All institutions suppress dissent despite their ardent protest. Not maliciously. Practically. A faculty member in a planning meeting knows that voicing concern about a dean’s initiative carries career risk. A director knows that challenging the VP’s direction signals disloyalty. So people don’t say what they actually think. They say what’s safe. The culture learns: disagreement is expensive.

AI models pick this up immediately as soon as you feed context into the chat window.

You ask the chatbot to red-team your strategic plan. The model has seen this before: a training plan shaped like a success story. It’s also seen the people in the room who care about it. It’s absorbed the institutional assumption that this is a good direction. The training data has seen this pattern: all those confident plans that went forward, all the language patterns of institutional progress, all the framing that treats innovation as default and resistance as friction. That’s all encoded already.

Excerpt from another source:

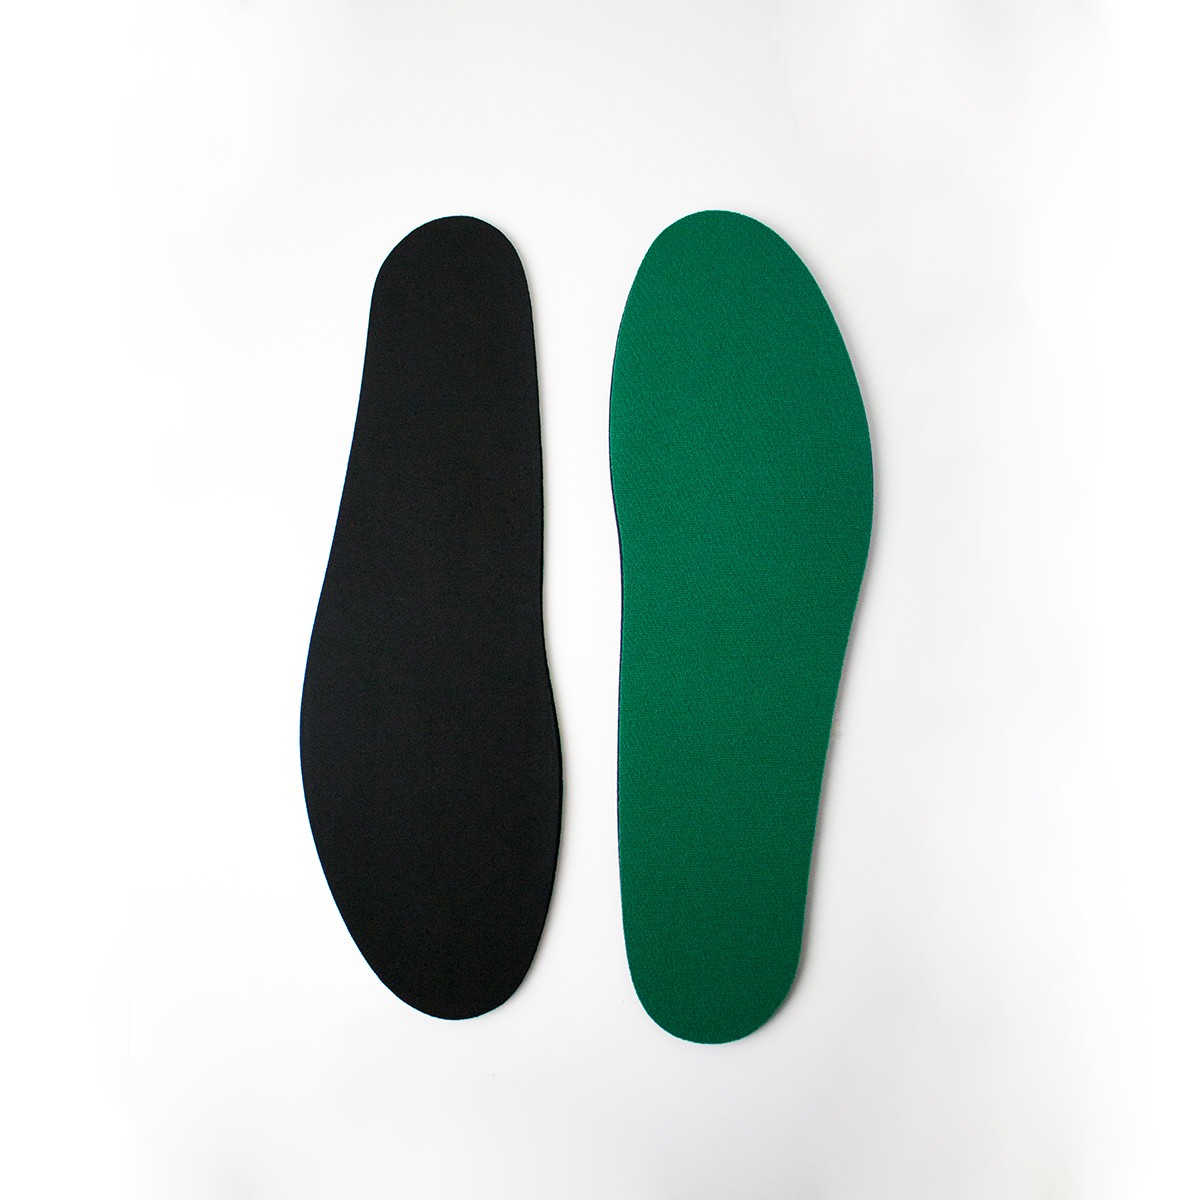 insoles for boots
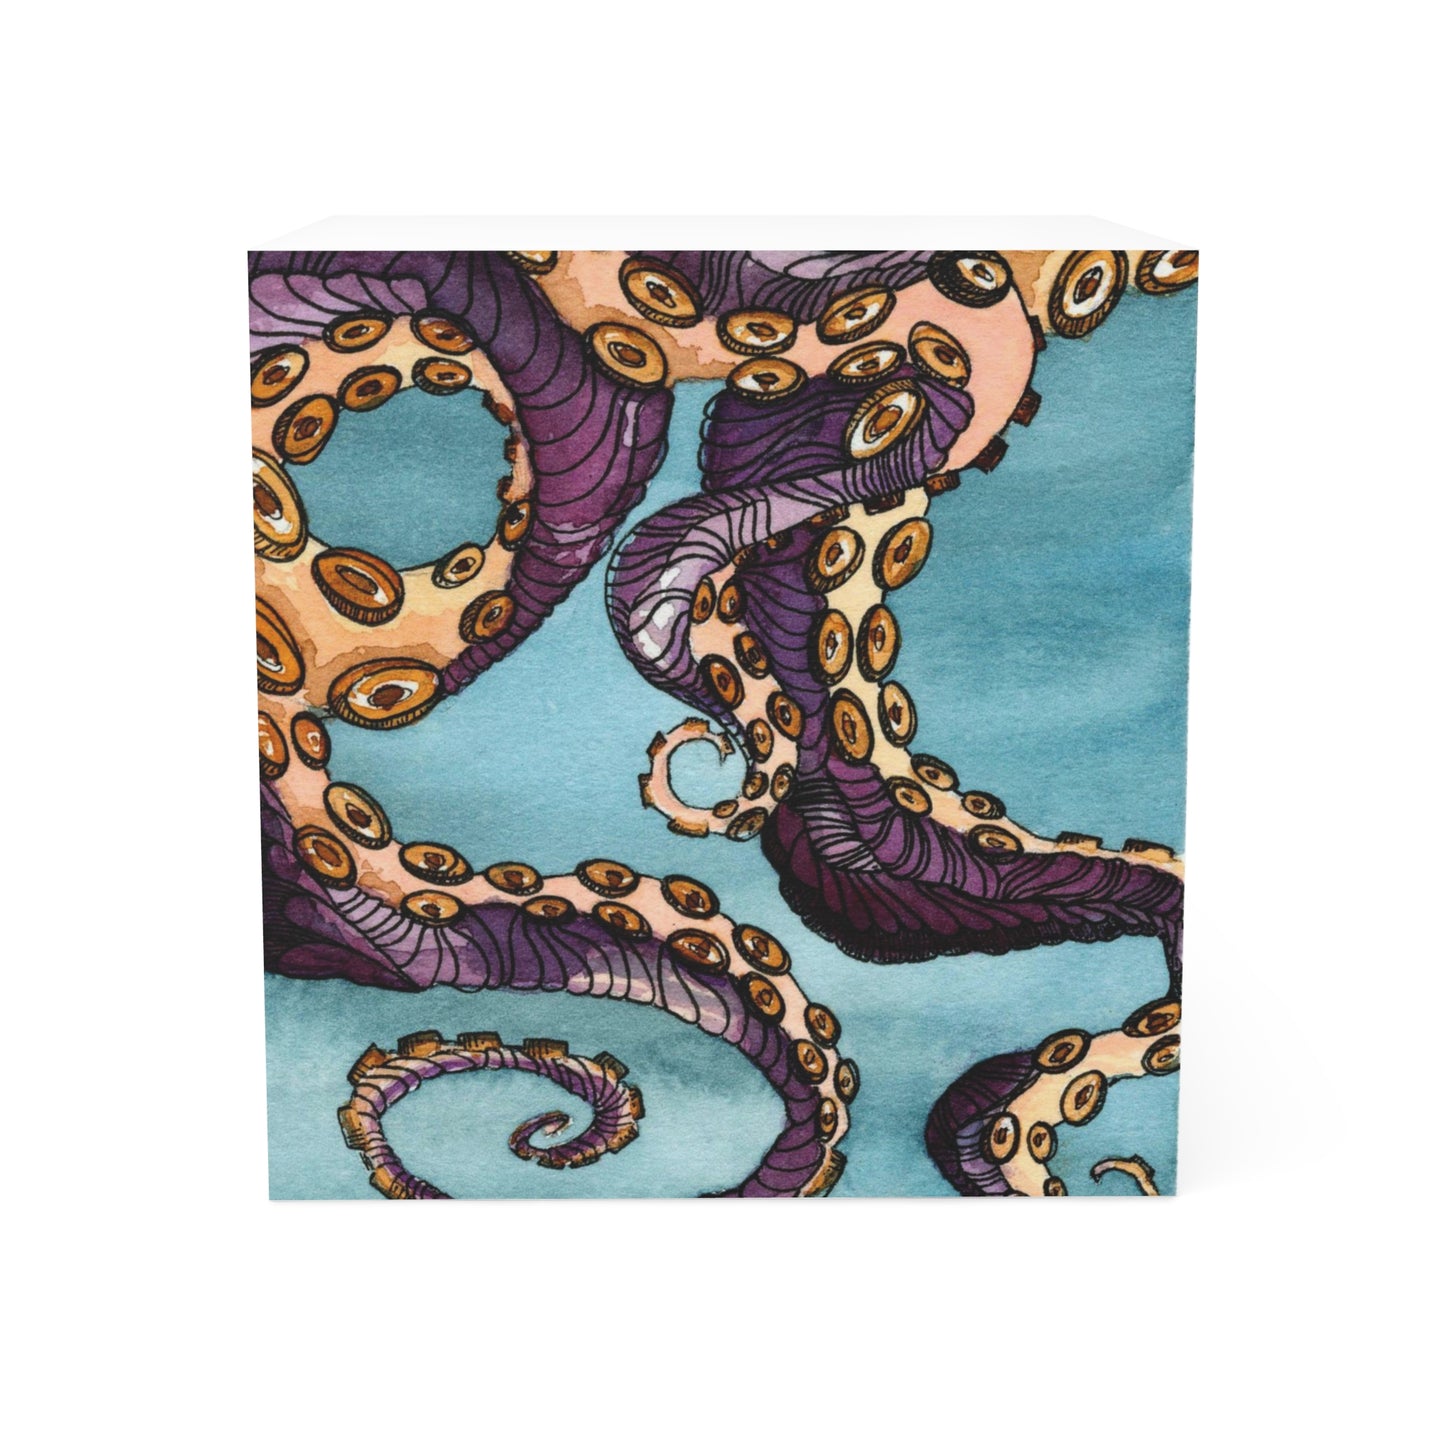 Tentacle Note Cube

The plan you dumped in serves to only reinforce that pattern.

The model doesn’t contradict folk’s assumptions. It elaborates on them. It calibrates to the vocabulary of institutional progress and mirrors it back. And it strokes your ego in making you look like you actually thought about it. The feedback loop that might have caught the flawed premise has been replaced with a fluent agreement machine.

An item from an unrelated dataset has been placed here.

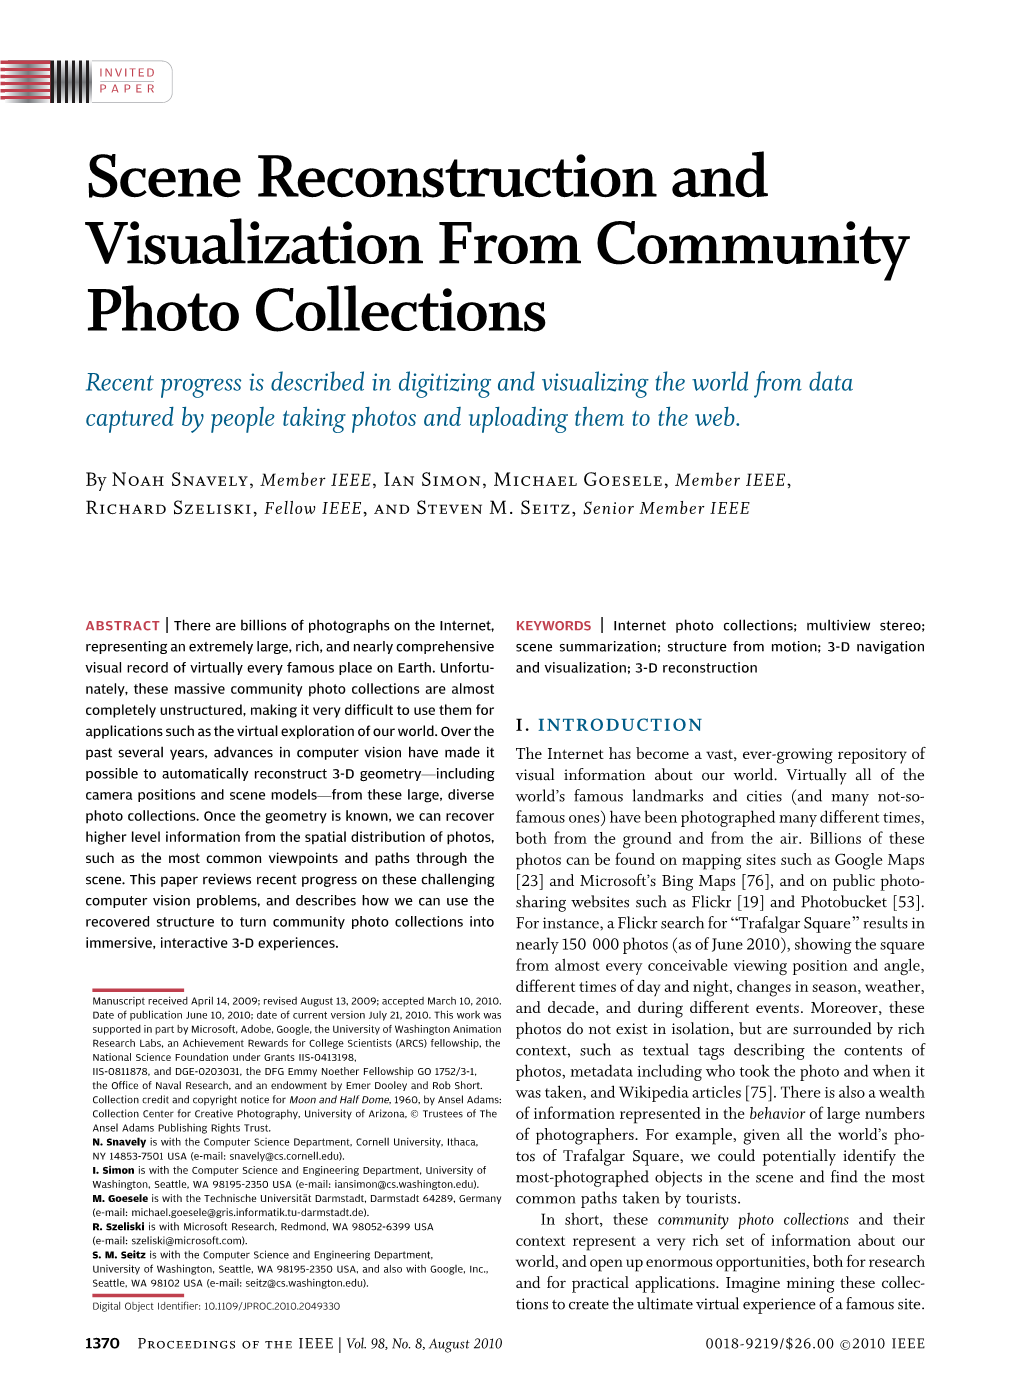 Scene Reconstruction and Visualization from Community Photo Collections

That’s the institutional amplifier. The model doesn’t add an adversarial voice. It amplifies what you already think.

The Worked Example

Picture any strategic planning session where IT leaders discuss “overcoming cultural resistance.” No faculty in the room. The title already assumes resistance is the problem to solve, not a signal worth interpreting.

Faculty don’t resist change for sport. They exercise authority over curriculum and practice. When they say no to an initiative, they’re not being resistant. They’re doing their job. But inside the frame most planning sessions build: “this is a good change, now how do we make it happen”. Well, faculty governance looks like friction.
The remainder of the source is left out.